Director Michael Curtiz keeps all four actresses bubbling sweetly and predictably, but when Jeffrey Lynn enters the picture trouble begins. Though one sister is engaged and another nearly so, all four in some way become smitten by this young musician. Then the script tops itself (and electrified audiences) by introducing a further complication named John Garfield. Cynical, depressive, darkly attractive and clearly a New York 'ethnic' type, Garfield is in every way the opposite of tall, handsome, WASPy Jeffrey Lynn, who in any other picture would probably have made more of an impression. Though friends, the men vie for Priscilla Lane, whose unaffected acting style creates a nice tension with both actors. Believing it best for her sister, Priscilla marries the wrong man, at once confounding and satisfying audience expectations. Halfway through this film you are apt to wonder what will happen next and how events will play out, which is not what you expect from the sunny opening.

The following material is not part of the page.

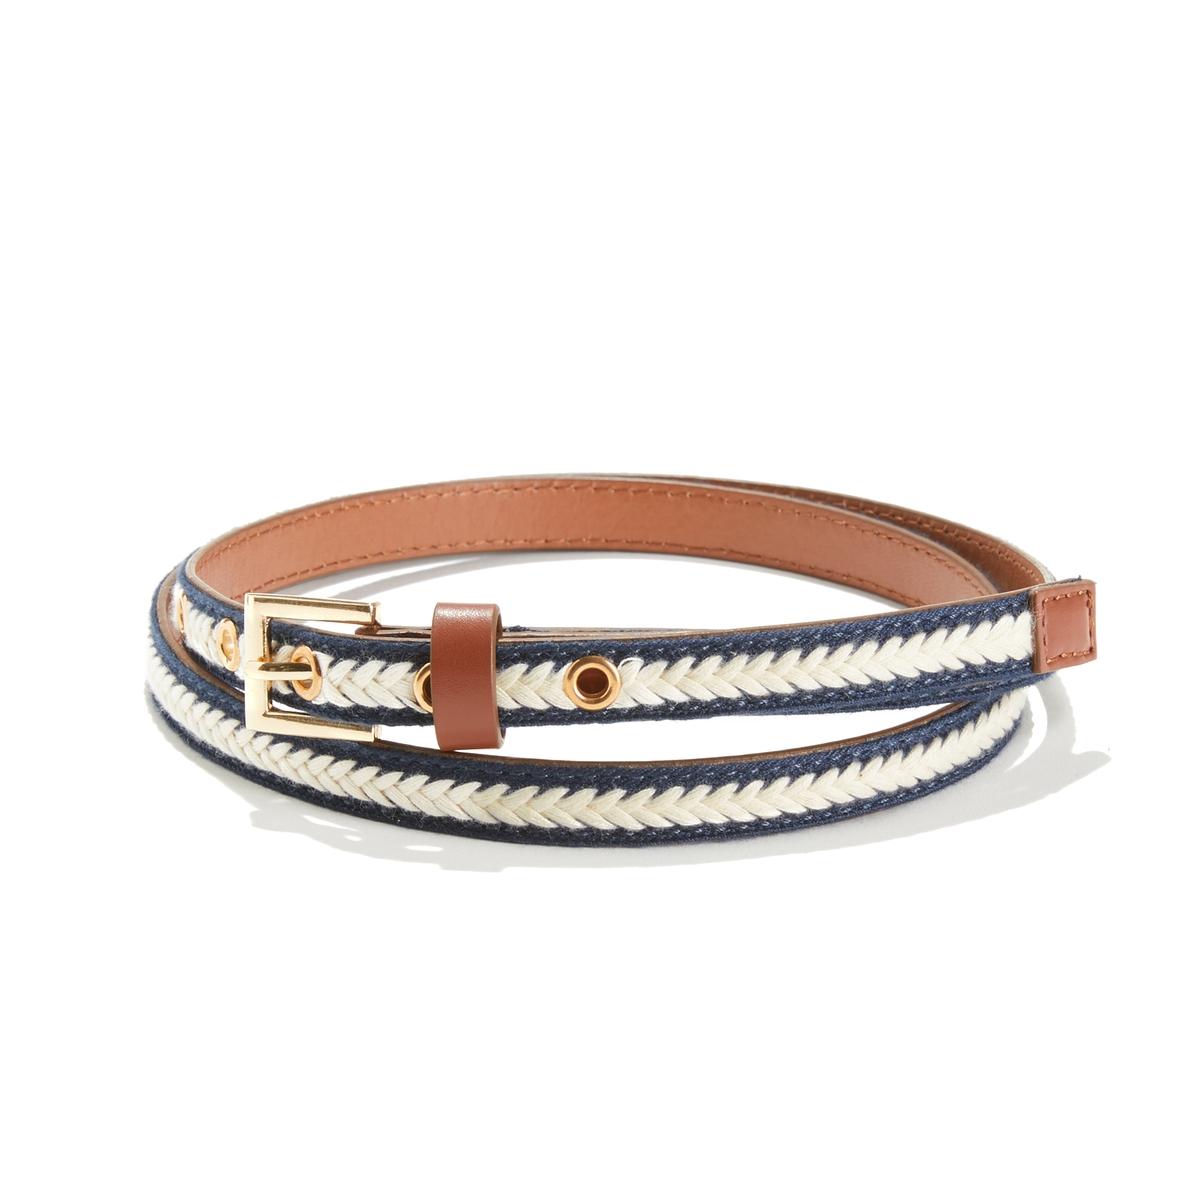 Cinturón con bordado fino

Garfield's success overshadowed every other good thing about this film. Clearly Warners' thought they had a successor to Jimmy Cagney. In fact they had the forerunner of Robert Mitchum, Robert Ryan, Montgomery Clift, Brando and James Dean, though Garfield was warmer and more likable than any of those.
This movie was remade in 1955 as a Technicolor musical called YOUNG AT HEART starring Doris Day and Frank Sinatra. Though not a bad idea in theory, the original is a better film.